Coverage: Lyft hires investment bankers Qatalyst
Ride-sharing service Lyft Inc. has hired investment bank Qatalyst Partners LP to help it explore alternatives, including a sale of the company.
Douglas MacMillan of The Wall Street Journal has the news:
Frank Quattrone, the founder and executive chairman of Qatalyst, has contacted companies including large auto makers about acquiring a stake in Lyft, the people said. It isn’t clear whether Lyft is aiming to sell itself or raise new funding.
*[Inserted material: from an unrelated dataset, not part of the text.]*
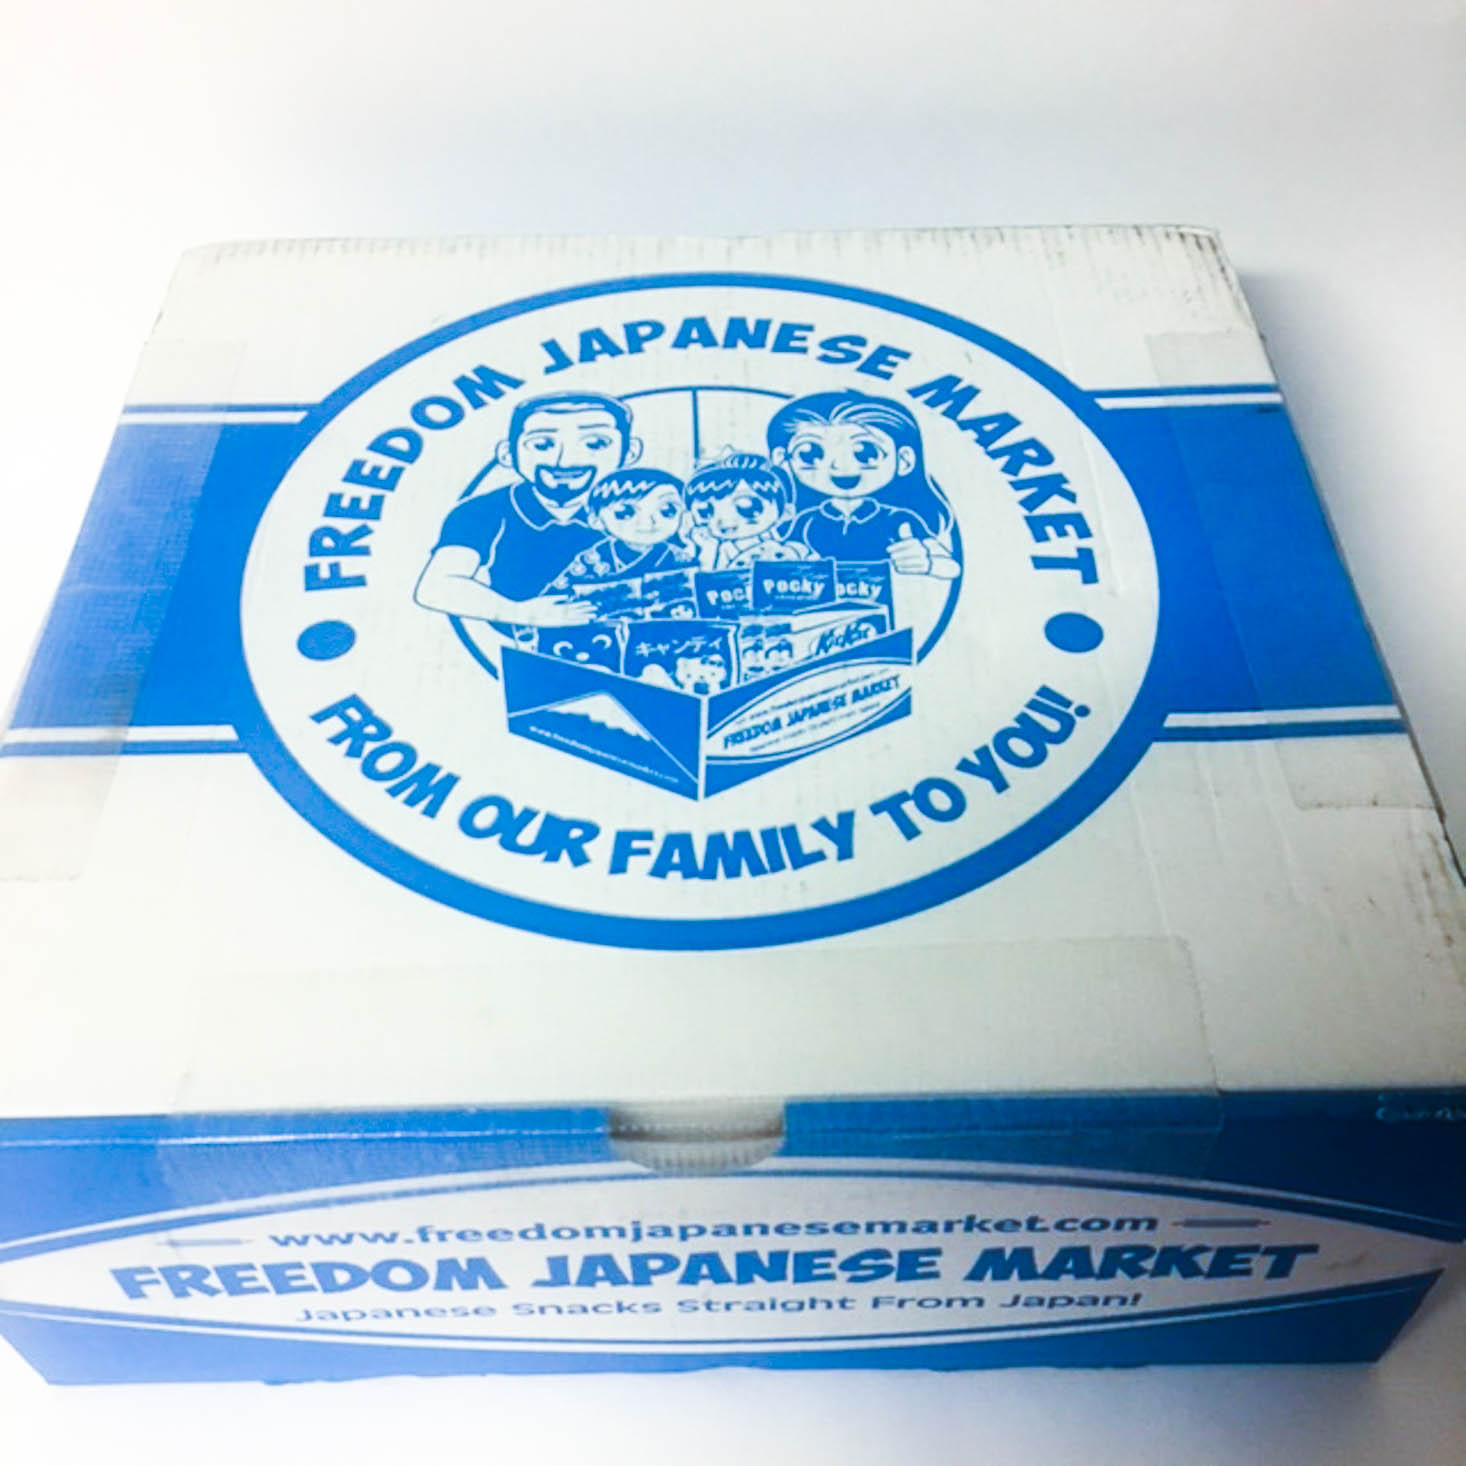 Freedom Japanese Market Snacks Box Review + Coupon – September 2017

Lyft, the largest U.S. rival to Uber Technologies Inc., has tried to keep up with its larger competitor as both companies burn through capital to expand their ride-hailing services. The two San Francisco companies pour millions of dollars into subsidizing low-price rides and giving cash bonuses to new drivers, and both Uber and Lyft have said such spending has put them on a path to profitability.
Lyft has raised about $2 billion in funding, or less than one-sixth the total funds raised by Uber. Lyft was last valued at $5.5 billion by investors including auto maker General Motors Co.
Hiring Qatalyst, one of the most active Silicon Valley deal makers, may signal Lyft is open to a sale. Qatalyst ranks fourth this year among banks advising on U.S. acquisitions, working on deals totaling $33.7 billion, according to data provider Dealogic. Those deals include a coveted role advising LinkedIn Corp. on its $26 billion sale to Microsoft Corp., announced two weeks ago.
Ken Yeung of VentureBeat.com notes that General Motors may be a buyer:
In an effort to counter the growing influence of Uber, Lyft has formed an ridesharing alliance with other companies — kind of like a “the enemy of my enemy” situation. Last September, the company struck an accord with China’s Didi which has recently received backing from Apple, and also with GrabTaxi and Ola.
Some of the Lyft’s investors include a bevy of who’s who in the investment world, including Icahn Enterprises, Rakuten, Andreessen Horowitz, Founders Fund, Mayfield Fund, K9 Ventures, fbFund, and even General Motors which put in $500 million of a $1 billion round into the company.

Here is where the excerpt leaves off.